• **WHAT THE EXERCISE ASKS**
Your response to the data below should hold nothing except the lines from the one containing "突撃!女子化粧室の真実vol.29 後編 便器の中" down to the one containing "サイズ : 20x19cm)", reproduced exactly and without pictures.

• **SOURCE DATA**
BEGIN

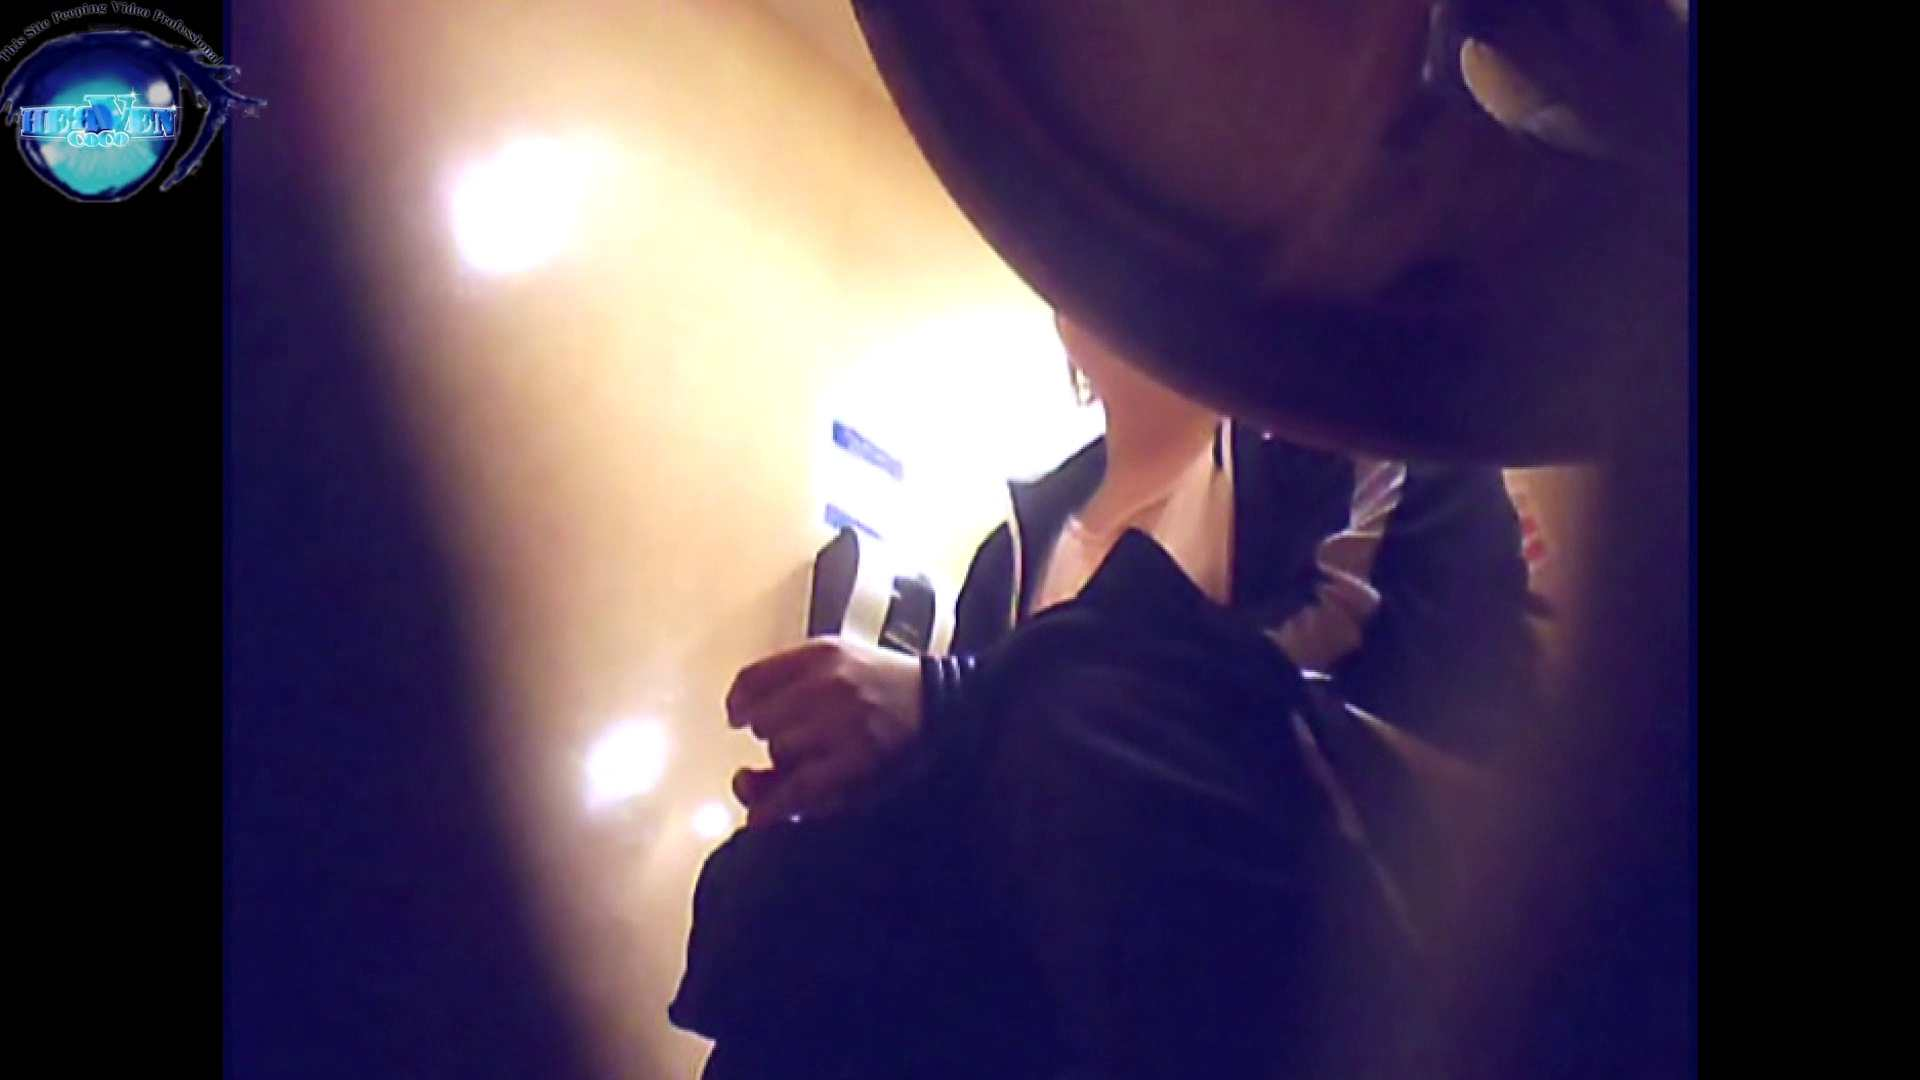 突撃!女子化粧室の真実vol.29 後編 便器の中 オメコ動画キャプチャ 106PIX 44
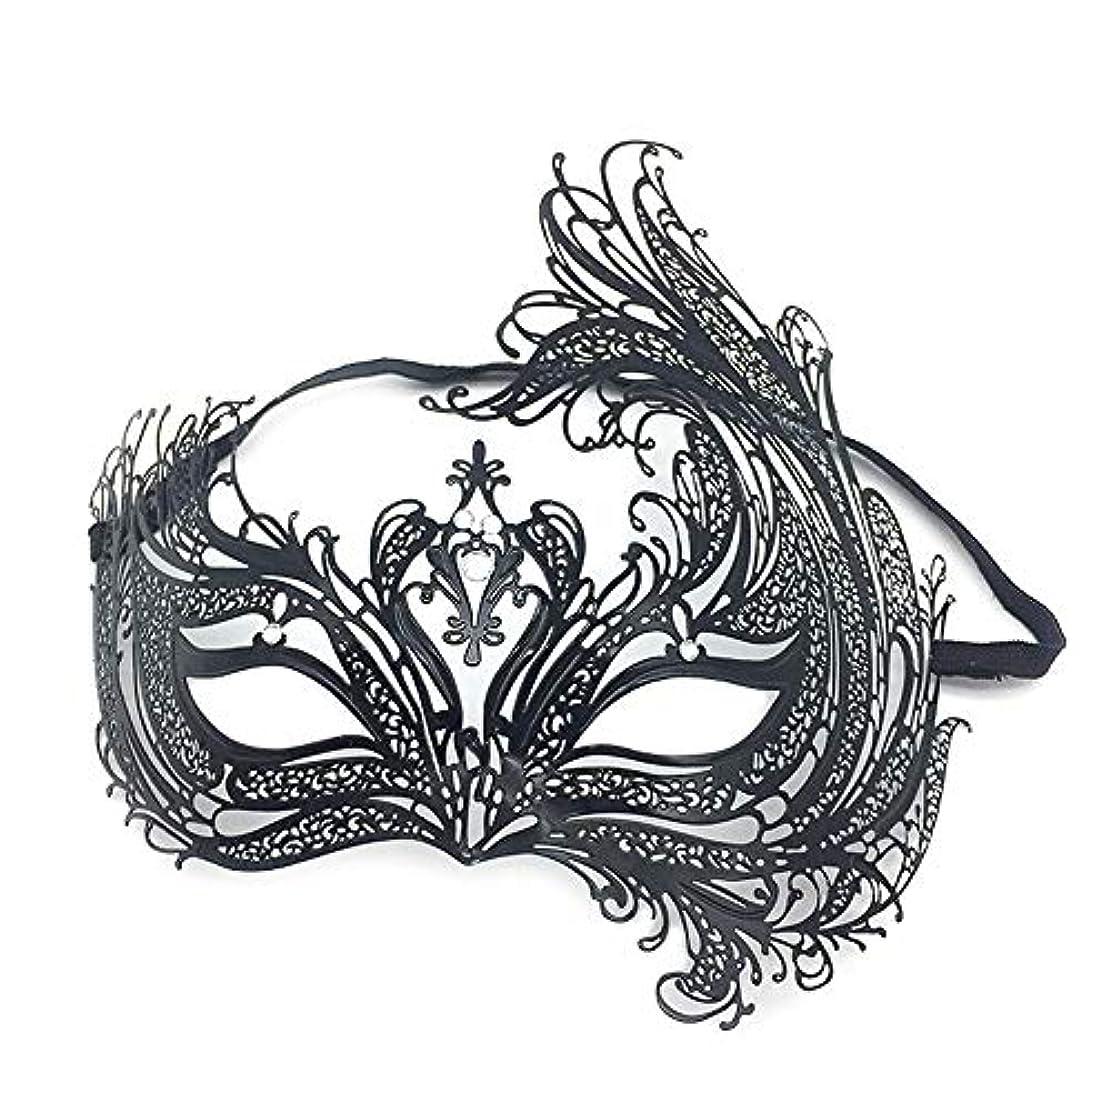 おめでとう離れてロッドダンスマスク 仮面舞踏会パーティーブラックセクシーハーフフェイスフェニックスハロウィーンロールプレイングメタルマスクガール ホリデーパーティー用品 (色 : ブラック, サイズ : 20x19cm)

END
BEGIN

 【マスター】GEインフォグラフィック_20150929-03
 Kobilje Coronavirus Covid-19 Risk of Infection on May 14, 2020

END

• **WRITTEN ANSWER**
 突撃!女子化粧室の真実vol.29 後編 便器の中 オメコ動画キャプチャ 106PIX 44
 おめでとう離れてロッドダンスマスク 仮面舞踏会パーティーブラックセクシーハーフフェイスフェニックスハロウィーンロールプレイングメタルマスクガール ホリデーパーティー用品 (色 : ブラック, サイズ : 20x19cm)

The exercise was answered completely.